The Heroic Enthusiasts Gli Eroici Furori Part The First An Ethi
Chapter 5
Here his love is entirely heroic and divine, and as such, I wish it to be understood; although he says that through it he is subject to many pangs, every lover who is separated from the thing loved (to which being joined by affection he would also wish to be actually), being in anguish and pain, he torments himself, not forsooth because he loves, since he feels his love is engaged most worthily and most nobly, but because he feels deprived of that fruition which he would obtain if he arrived at that end to which he tends. He suffers, not from the desire which animates him, but from the difficulty in the cultivation of it which so tortures him. Others esteem him unhappy through this appearance of an evil destiny, as being condemned to these pangs, for he will never cease from acknowledging the obligation he is under to love, nor cease from rendering thanks to him because he has presented before the eyes of his mind such an intelligible conception through which, in this earthly life, shut in this prison of the flesh, wrapped in these nerves and supported by these bones, it is permitted to him to contemplate the divinity in a more suitable manner than if other conceptions and similitudes than these had offered themselves.
CIC. The divine and living object, then, of which he speaks, is the highest intelligible conception that he has been able to form to himself of the divinity, and is not some corporeal beauty which might overshadow his thought and appear superficially to the senses.
TANS. Even so; because no tangible thing nor conception of such can raise itself to so much dignity.
CIC. Why, then, does he mention that conception as the object, if, as appears to me, the true object is the divinity itself?
TANS. The divinity is the final object, the ultimate and most perfect, but not in this state, where we cannot see God except as in a shadow or a mirror, and therefore He cannot be the object except in some similitude, but not in such as may be extracted or acquired from corporeal beauty and excellence, by virtue of the senses, but such as may be formed in the mind, by virtue of the intellect. In which state, finding himself, he comes to lose the love and affection for every other thing senseful as well as intellectual, because this, conjoined to that light, itself also becomes light, and in consequence becomes a god: because it contracts the divinity into itself, it being in God through the intention with which it penetrates into the divinity so far as it can, and God being in it, so that after penetrating, it comes to conceive, and so far as it can, receive and comprehend the divinity in its conception. Now in such conceptions and similitudes the human intellect of this lower world nourishes itself, till such time as it will be lawful to behold with purer eye the beauty of the divinity.

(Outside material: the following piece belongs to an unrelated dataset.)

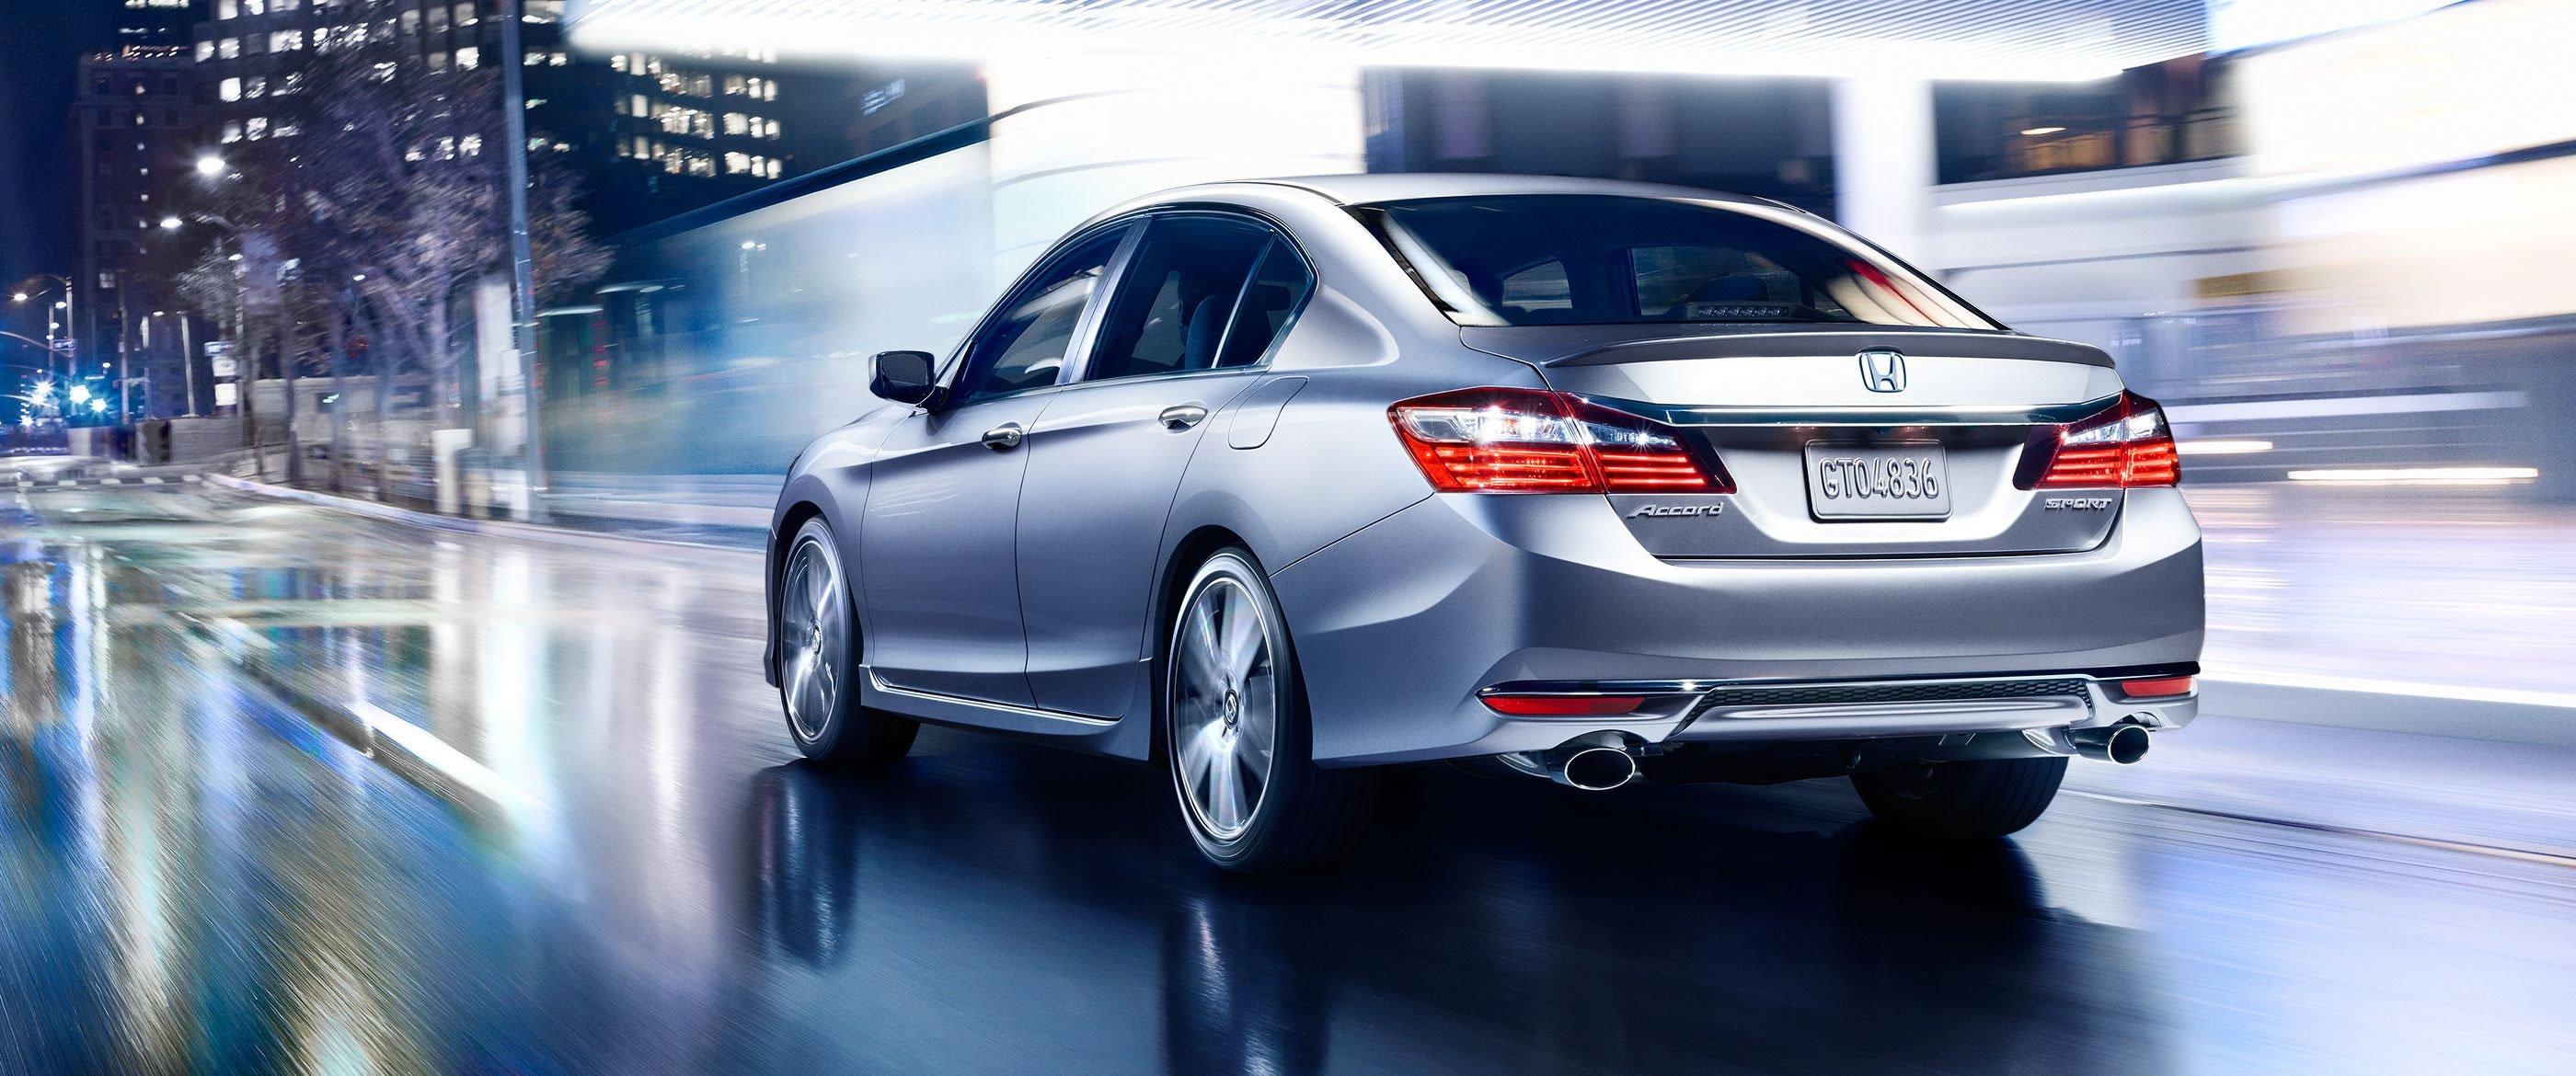 New Honda Accord Lease Deals Boston MA Kelly Honda Dealer Lynn

As happens to him, who, absorbed in the contemplation of some elaborate architectural work, goes on examining one thing after another in it, enchanted and feeding in a wonder of delight; but if it should happen that he sees the lord of all those pictures, who is of a beauty incomparably greater, leaving all care and thought of them, he is turned intently to the examination of him. Here, then, is the difference between that state where we see divine beauty in intelligible conceptions apart from the effects, labours, works, shadows, and similitudes of it, and that other state in which it is lawful to behold it in real presence. He says: "My pasture is the high emprise," because as the Pythagoreans remark, "The soul moves and turns round God, as the body round the soul."

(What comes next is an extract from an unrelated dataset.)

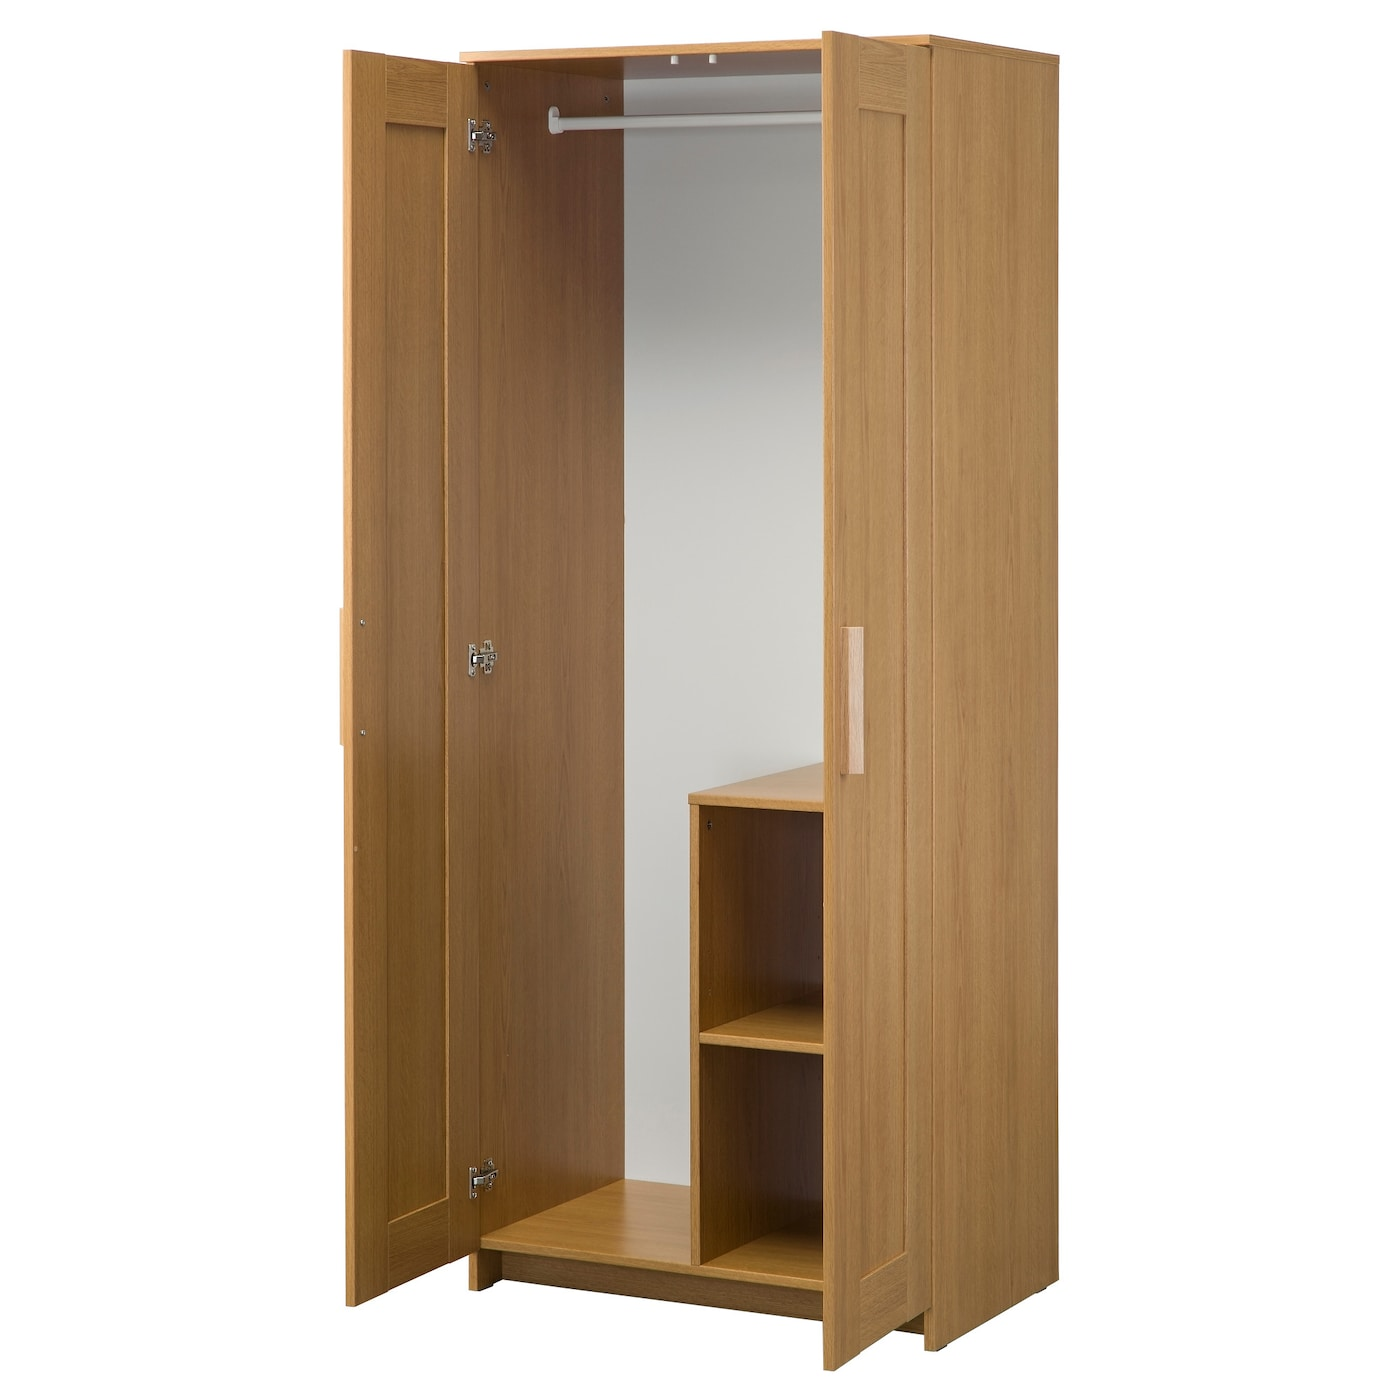 brimnes wardrobe with 2 doors oak effect 78 x 190 cm ikea. Black Bedroom Furniture Sets. Home Design Ideas

CIC. Then the body is not the habitation of the soul?
TANS. No; because the soul is not in the body locally, but as intrinsic form and extrinsic framer, as that which forms the limbs indicates the internal and external composition. The body, then, is in the soul, the soul in the mind, the mind either is God or is in God, as Plotinus said. As in its essence it is in God who is its life, similarly through the intellectual operation, and the will consequent upon such operation, it agrees with its bright and beatific object. Fitly, therefore, this rapture of heroic enthusiasm feeds on such "high emprise." For the object is infinite, and in action most simple, and our intellectual power cannot apprehend the infinite except in speech or in a certain manner of speech, so to say in a certain potential or relative inference, as one who proposes to himself the infinity, so that he may constitute for himself a finality where no finality is.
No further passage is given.